Objectives: We sought to assess the utility of cardiovascular magnetic resonance (CMR) in the evaluation of arrhythmogenic right ventricular cardiomyopathy (ARVC) in relation to diagnostic criteria and genotype.
Background: Timely diagnosis of ARVC is difficult as clinical findings may be subtle and nonspecific in early disease. The role of CMR is controversial owing to the absence of a standardized protocol, insufficient experience with the modality, and inherent difficulties in imaging the right ventricle.
Methods: Comprehensive CMR examination was performed in 232 patients undergoing evaluation for suspected ARVC. CMR outcomes were compared with: 1) prospective clinical diagnosis using Task Force guidelines, with and without the proposed modifications for familial ARVC; and 2) gene-carrier status in 35 individuals from genotyped families.

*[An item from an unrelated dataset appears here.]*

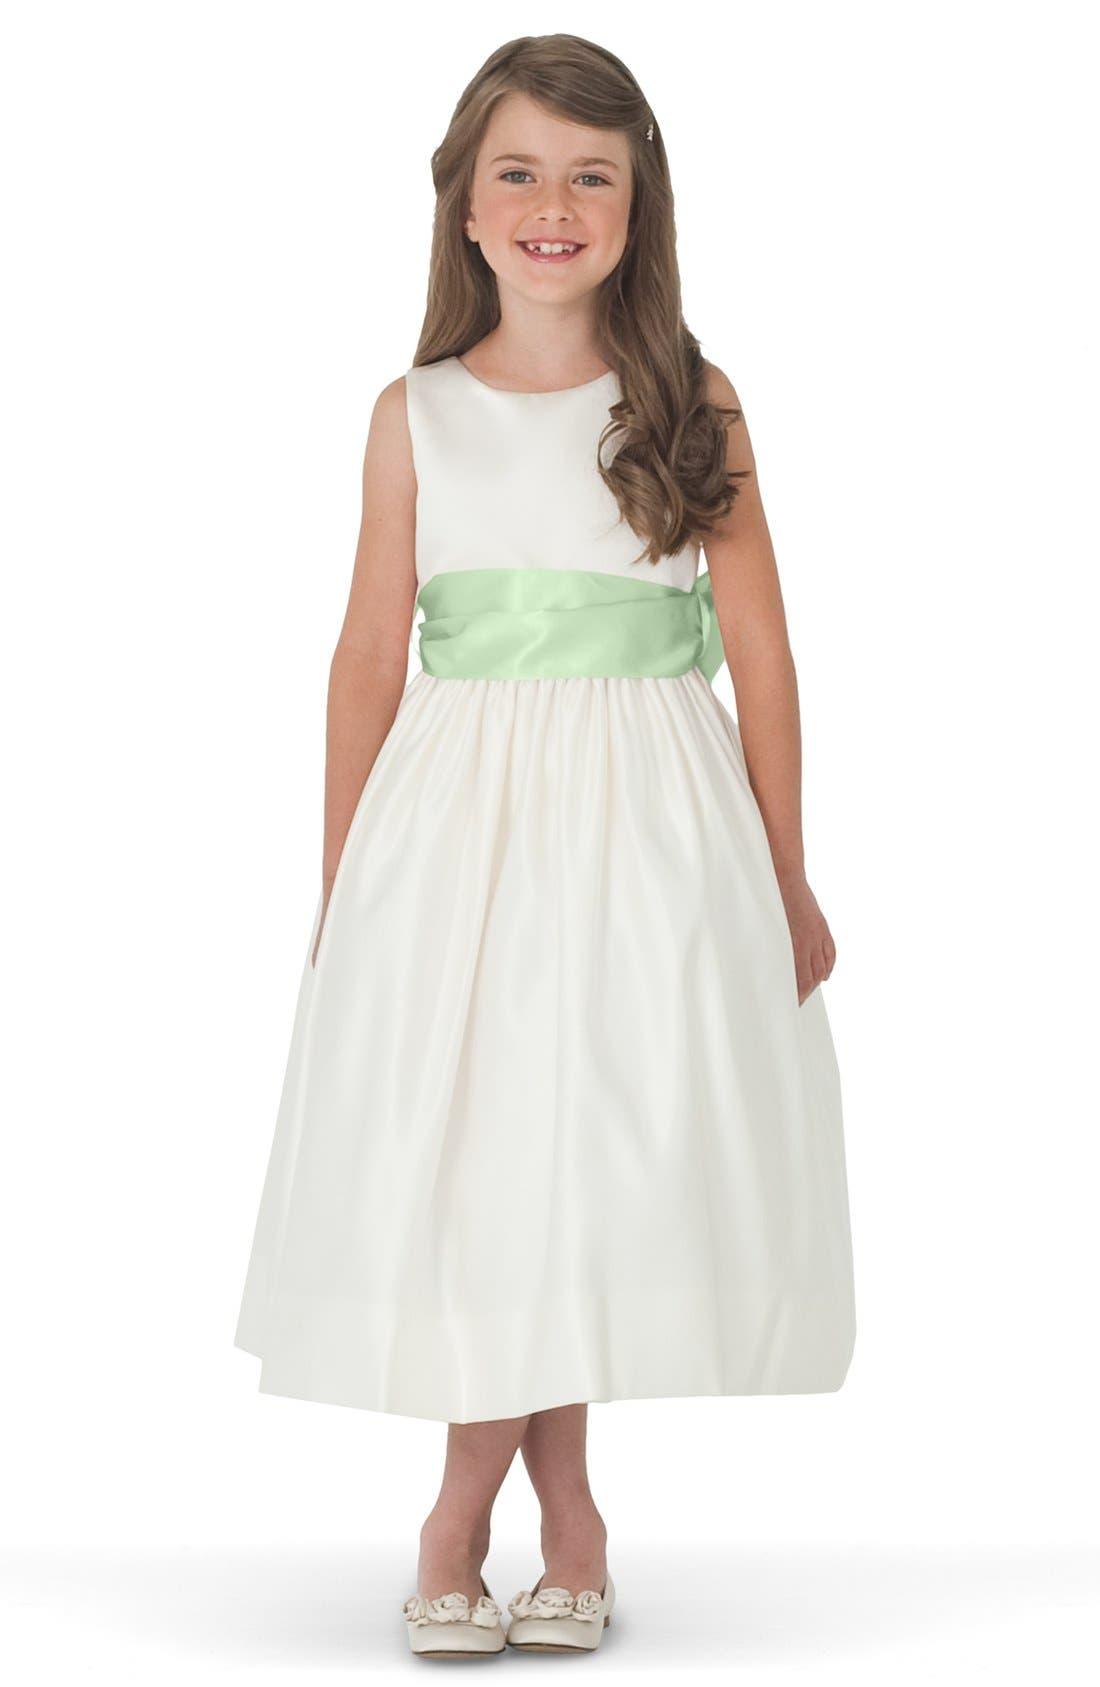 Sleeveless Satin Dress with Contrast Sash,                         Main,                         color, Ivory/ Mint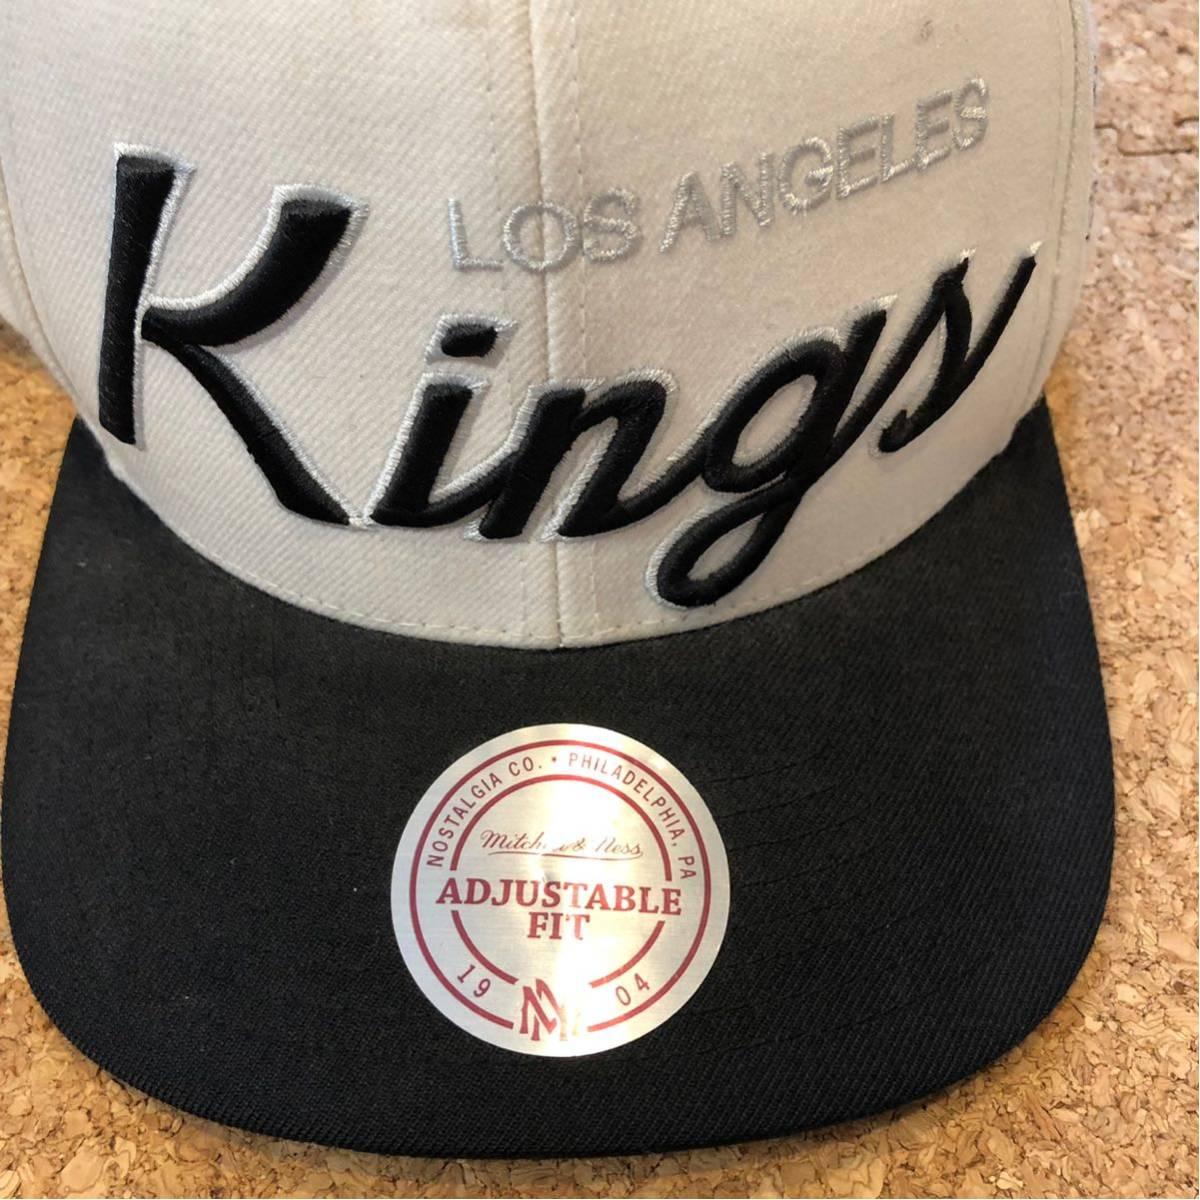 mitchell≠ss NHL losangeles kings キャップ スナップバック 白黒_画像2

Results: CMR studies were positive in all 64 patients who prospectively fulfilled Task Force criteria, resulting in 100% sensitivity. Specificity in relation to Task Force criteria was low (29%). Of the 119 apparent false positives detected by CMR, however, 63 fulfilled modified diagnostic criteria for familial ARVC and 7 were obligate gene carriers, suggesting that CMR frequently identifies individuals with early disease, in whom Task Force criteria are relatively insensitive. This was borne out by evaluation of genotyped individuals (26 gene-positive and 9 gene-negative), in whom CMR had a sensitivity of 96% and a specificity of 78%.
Conclusions: CMR is a valuable component of the diagnostic workup for ARVC when performed with a dedicated protocol by specialists with experience in analysis of volumes, right ventricular wall motion, and delayed-enhancement imaging.